投稿者:池畠 悠 所属塾:みやうち塾 閲覧数:296
投稿日時:2020年6月14日15:33
最終閲覧日時:2025年11月24日8:50
今回は授業内容についての記事。
この記事を読めば、なんで歴史を勉強するのか、少しは分かっていただけるのではないでしょうか。
先日、デフレ、インフレの授業をしたあとで、こんな質問を受けました。
「インフレ、デフレについてはよくわかりました。
そうすると、今、定額給付金が払われたりしているし、日本はインフレになってしまうのですか?」
この質問をしてくれたA君は授業内容をしっかり理解できています。
今の日本は、低金利の貸付に補助金、給付金と、お金をバラマキまくっています。
そうすると、普通に考えればインフレが起こる。
第一次世界大戦後のドイツのようになってしまうのか、と思うと思います。
しかし、実際問題、日本はインフレになっていません。
それどころか、デフレになってしまっていて、お金は回っていない状況です。
では、なぜこれだけお金をまいてもデフレなのか。
何が戦後のドイツと違うのか、ということですが、
これは、ドイツと日本ではお金に対する「信用」が違うからです。
日本のお金「円」は、ものすごく信用度が高いです。
信用度が高いというのは、日本人の誰もがお金があっても意味がないと思っていないことに由来しています。
この中で、お金は全くいらない、という人はどれだけいるでしょうか?
みなさん、お金が最もほしいものだと思います。
なぜならば、日本ではお金さえあればたいていのものは手に入るから。
物はきちんと揃っていて、何かに不自由することはない。
だから、お金さえあれば何でもできるのが日本なのです。
しかし、当時のドイツは違います。
そもそも物自体がない。
物がないのにお金があったところで、何も意味はないのです。
もう一つ、円の信用度が高い理由があります。
それは、何が何でもお金を返すと国民が考えているからです。
銀行に勤めている友達に、どういう人にお金を貸すのか聞いたことがあります。
その時、彼はこう答えてくれました。
「何が何でも返そうとする人」
とにかく、お金を返そうとする意志があることが最も重要な条件で、
お金を誰も返さなくなったとき、そのお金の価値はなくなってしまいます。
逆にいえば、返そうとしている意志があれば、大丈夫だということです。
つまり、みんなが、「もうおカネなんて価値ないから、今のうちに貯金全てをお米にしておこう」
と思わない限り大丈夫だということです。
ちなみに、ものすごい勢いでお金をばら撒いているアメリカに関してですが、パウエル議長はこんな発言をしています。
「なにびとも自分に降りかかって来る試練を選ぶことは出来ない。
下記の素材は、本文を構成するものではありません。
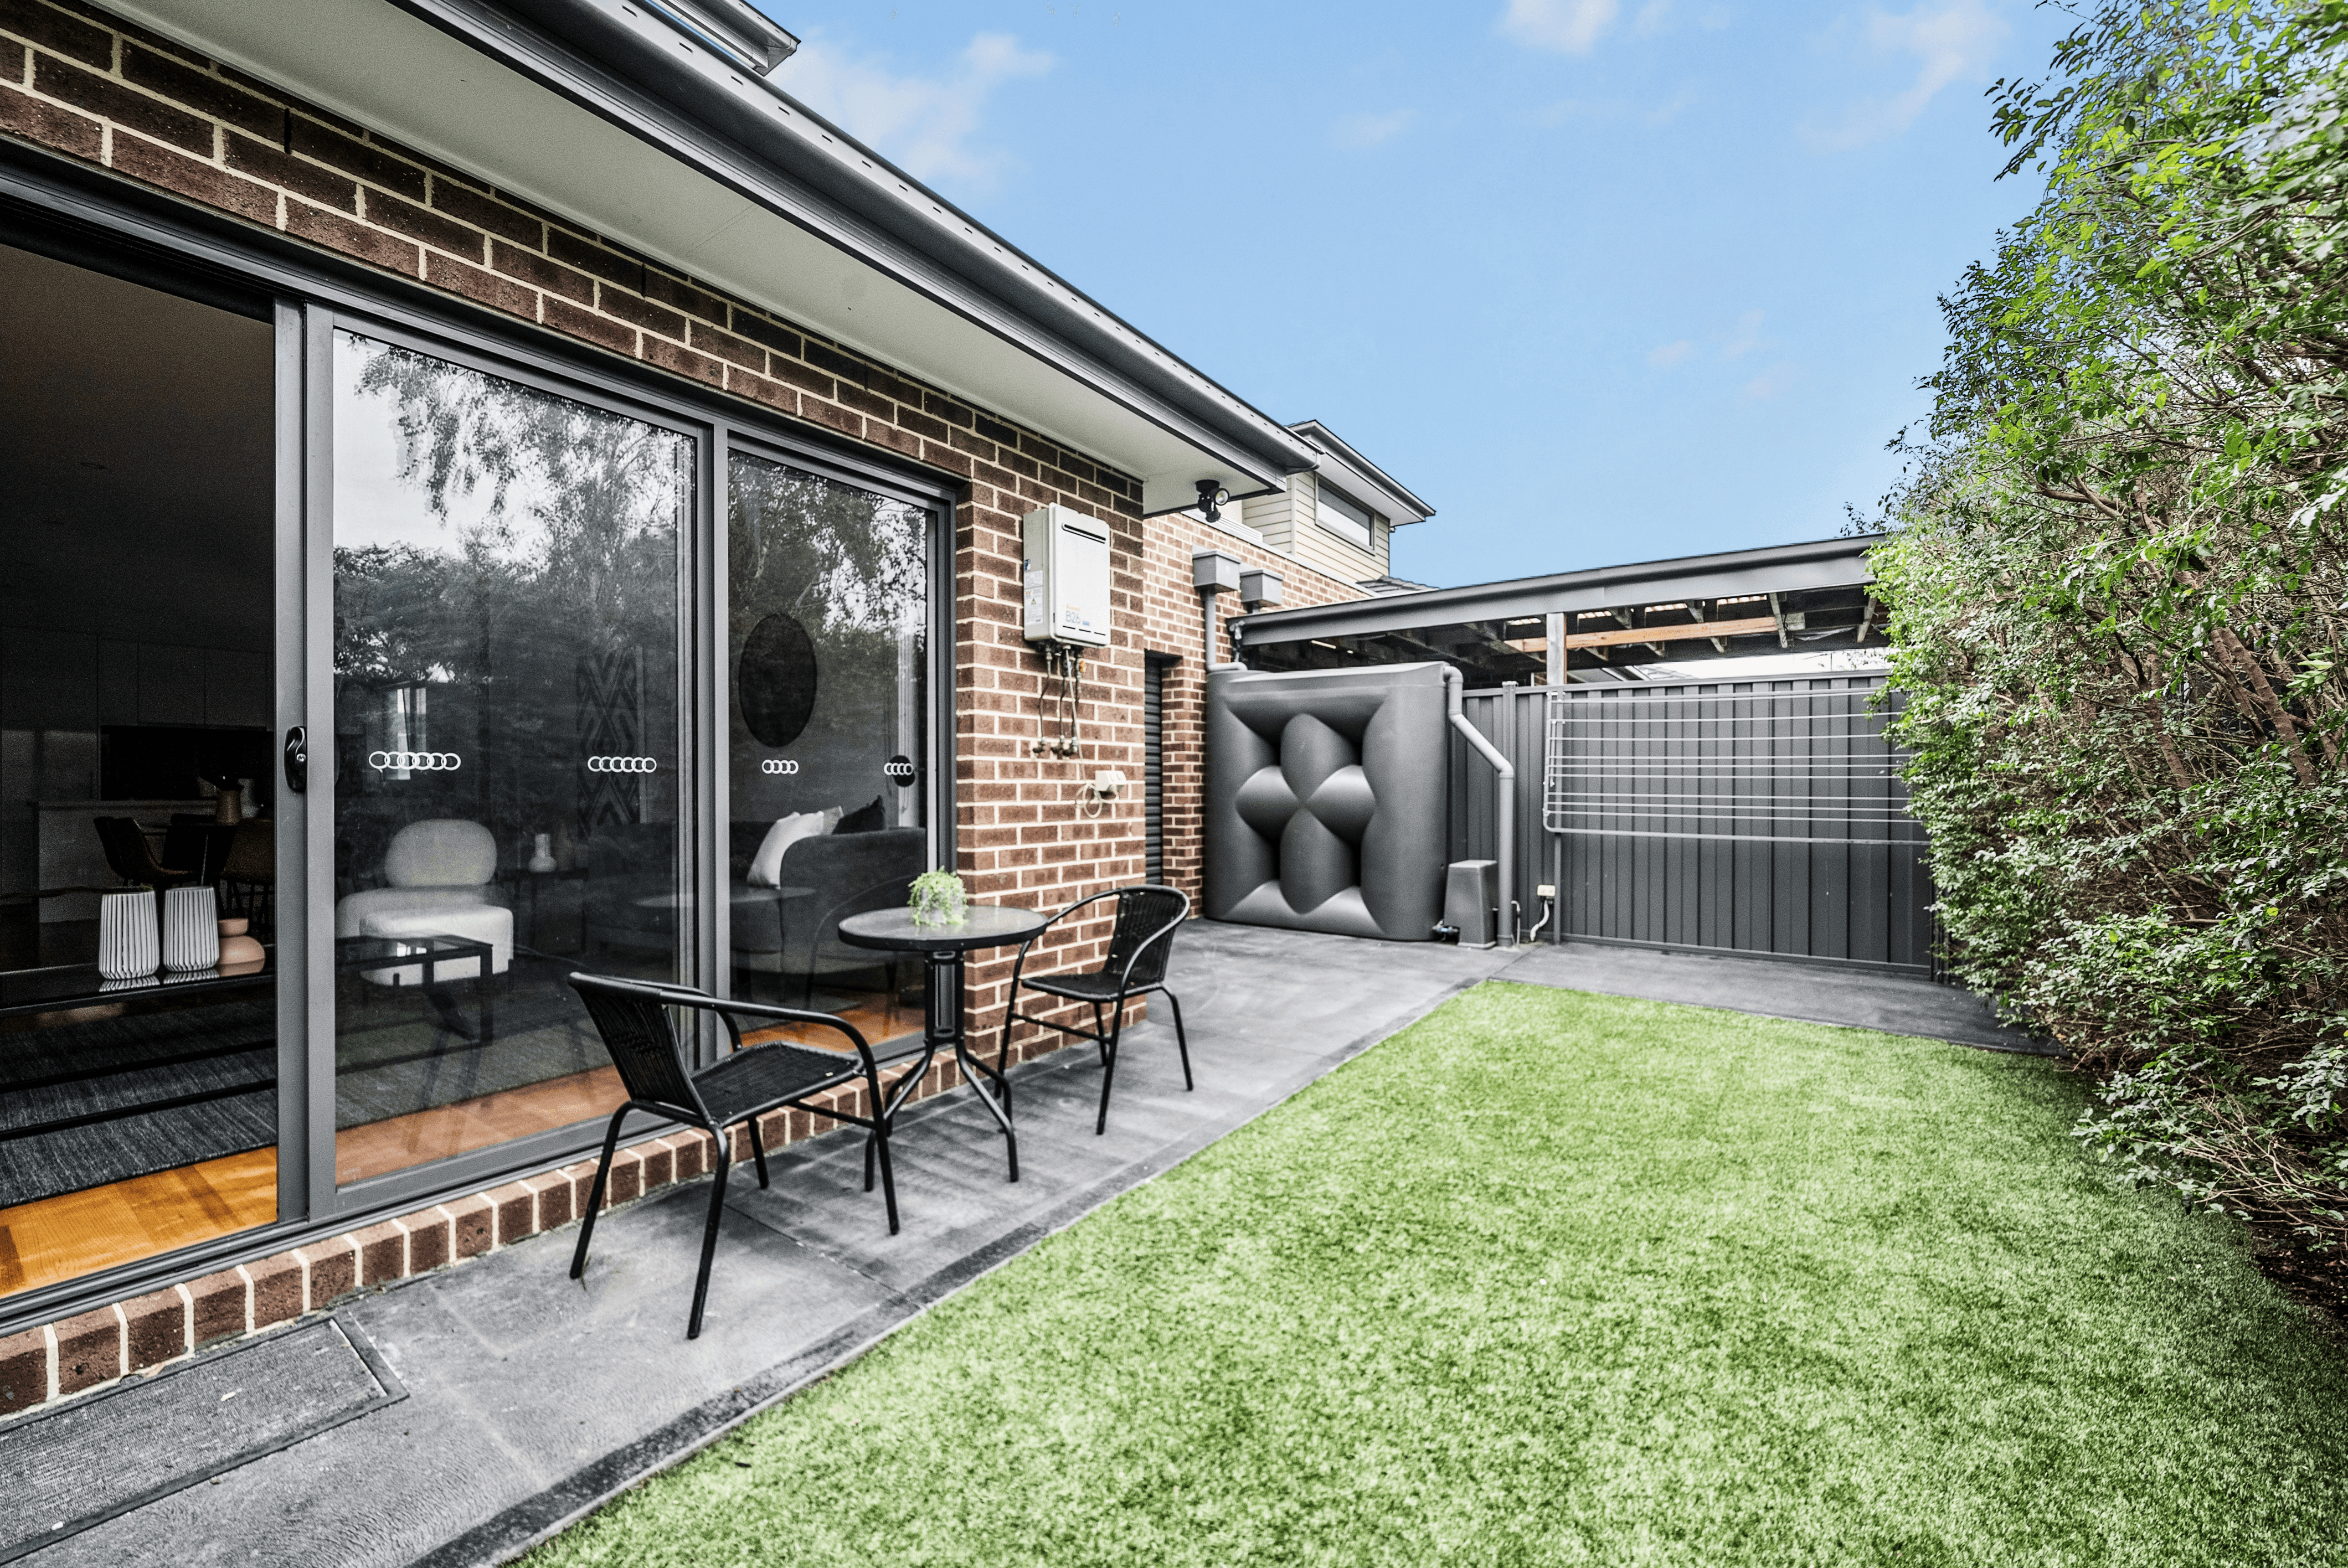 3/15 Olive Grove, PASCOE VALE, VIC 3044

運命、そして歴史が、試練を我々のところへもたらすのだ。我々のやるべきことはただ一つ。その挑戦に立ち向かうことだけである」
(引用:ダイヤモンド社記事)
この記事を書いているパウエルさんから、もうおかねを返さない、という意志が読み取れるでしょうか?
このように、お金を何が何でも返す、遅れてでも返すという意志が金融経済を支えているのです。
(だから、徳政令を出した鎌倉幕府は滅んでしまったのですね)
逆にいえば、お金とはそれが価値があるという意志によって作り出されたものであり、しょせんは虚構、とも思っています。
金融政策によって実生活を救える、というのはただの妄想なのではないのか、と感じることもあります。
だからこそ、リスクを負って価値を生み出す起業家こそ、最も面白い仕事なんだと思っております。
さて、最後に余計なポエムが入ってしまいましたが、(笑)
勉強することが無駄ということはないですからね。
故きを温め新しきを知る
過去から学んだことを未来に活かすことこそが、勉強の本質と思っています。